Surprised to see this here now after 11 years.

Needless to say, this is incredibly out of date. Mailinator now runs across several servers with a real-time websocket system tied to Redis channels for incoming emails. The multiple server system is more for fault-tolerance than scaling issues.

The Websocket-to-redis connection allows incoming emails to be available the instant they arrive (fully) at Mailinator. Instantly - no polling front-end or otherwise. Public email storage is still in-memory with a system that chunks emails into common parts and reuses them. A reference counting garbage collector cleans them up once no email in the system is still using that part. I tried compression a million different ways but nothing beat reusing parts of emails.

http://mailinator.blogspot.com/2012/02/how-mailinator-compre...

The 2007 article is a valid picture of things then, but the system has come a long, long way since that time.

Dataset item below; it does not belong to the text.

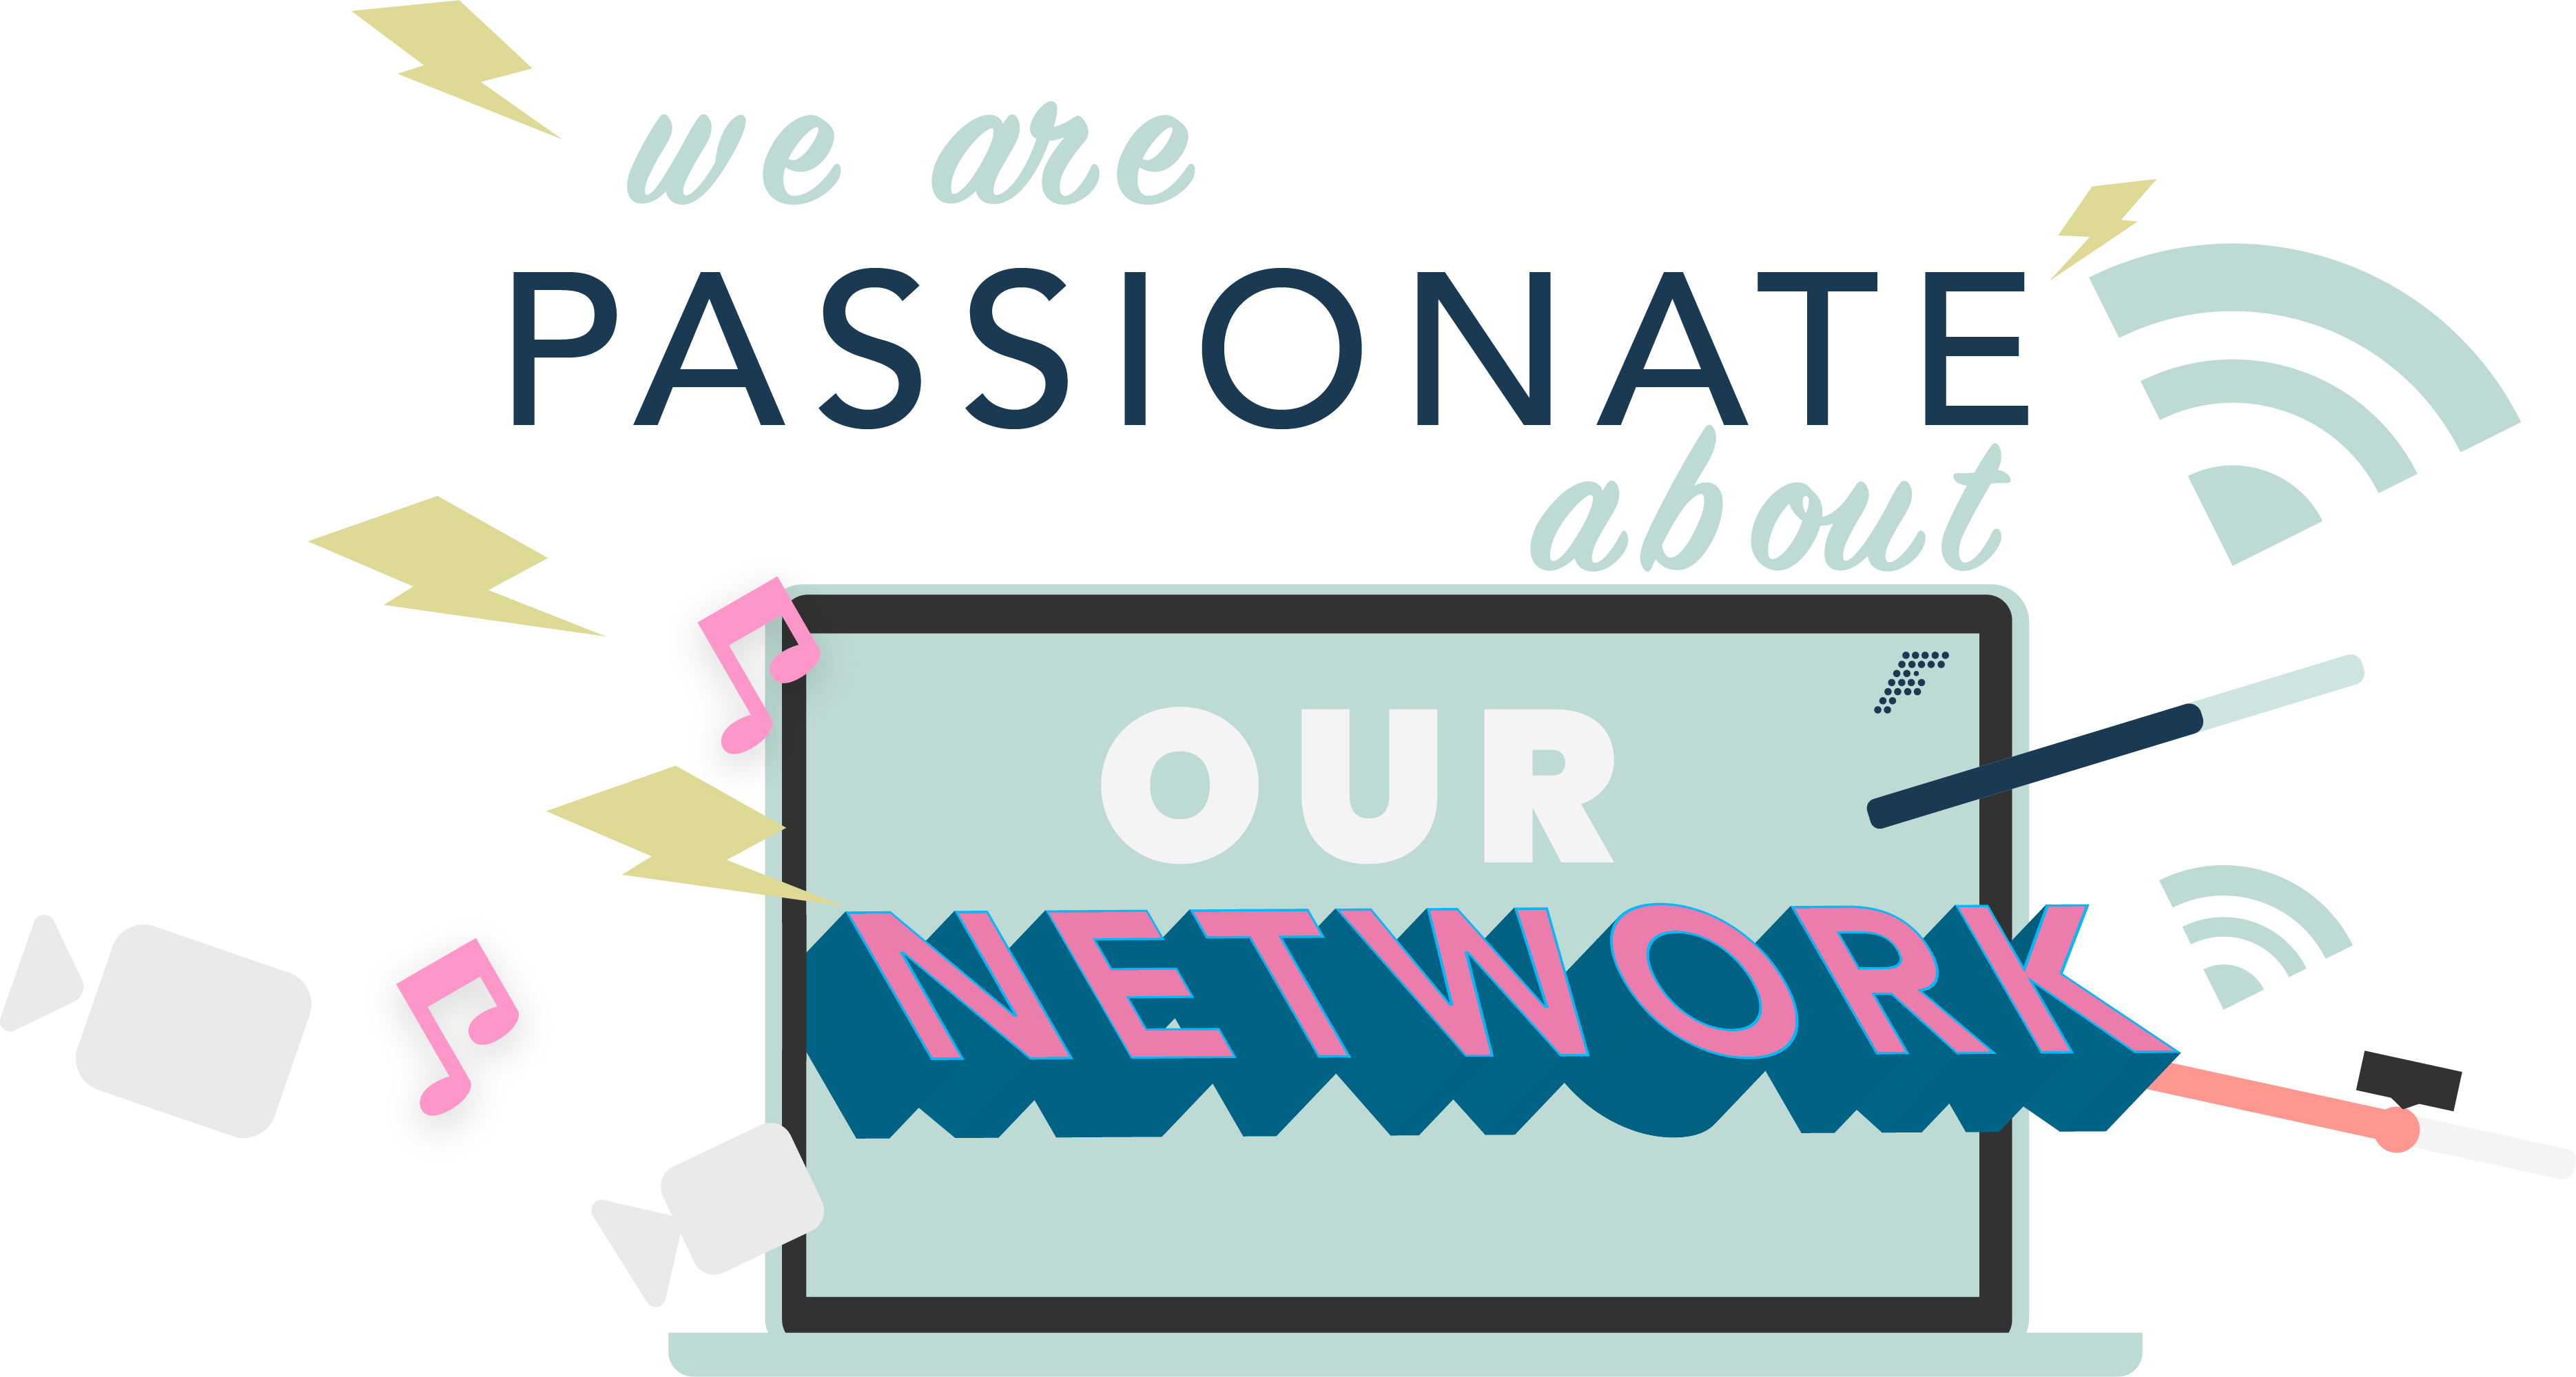 We are passionate about Great Internet!

Hi! I run a "copycat" site that perhaps you may be referring to in that post, GuerrillaMail.com (well, actually, I didn't copy it myself, but acquired it from another guy many years back) and also been using Redis to store all incoming mail in memory. RAM is cheap these days and you can find decently priced servers with >= 128GB easy. Haven't moved over to websockets or "chunking" / deduplication yet, but architecture and UI needs an update in that direction to make it more instant. Thanks for some ideas ;-)

Actually, like you, I've also hand-rolled most of it myself, replacing the previous guy's architecture. It's been a lot of fun. No frameworks, no bootstrap, just a few dependencies here and there. Started with PHP, but now prefer to use Go for anything new. Also hand-rolled the SMTP server which turned in to a project on its own, https://github.com/flashmob/go-guerrilla


Is guerrillamail.com supposed to be displaying just a "Welcome to nginx" page?

Screenshot on the left: https://nat64check.ipv6-lab.net/v6score/measurement-30830/


Thanks for the service! It's very useful.

However, I find that quite a few of the providers have wised up to the domains and more often than not I am now unable to use mailinator address for signups (even with the alternate domains)


Indeed. I thought about a blog post how to configure haproxy to proxy SMTP to mailinator and stay undetectable.

But Mailinator's use case has morphed over the years. It's now used as a tool for QA and UAT testing now a great deal. That use case has spawned private domains and API access.

Same thought process goes toward services that wish to ban it, if they really want to, that's their business.

(You can of course sign-up for a Mailinator account using a Mailinator email)


> Public email storage is still in-memory with a system that chunks emails into common parts and reuses them. A reference counting garbage collector cleans them up once no email in the system is still using that part.

That sounds really cool. Any chance you'll write a blog post about it ?



Thanks !


Have you considered content-dependent chunking for your deduplication?

At Ronomon, we use https://github.com/ronomon/deduplication


Very cool! In WildDuck IMAP server I use a bit different deduplication method (I deduplicate decoded attachments, not lines) that does not give 90% reduction but still more than 50%: https://github.com/nodemailer/wildduck/blob/master/README.md...


Thanks for the writeup. What are you using to handle the WS connections on the server?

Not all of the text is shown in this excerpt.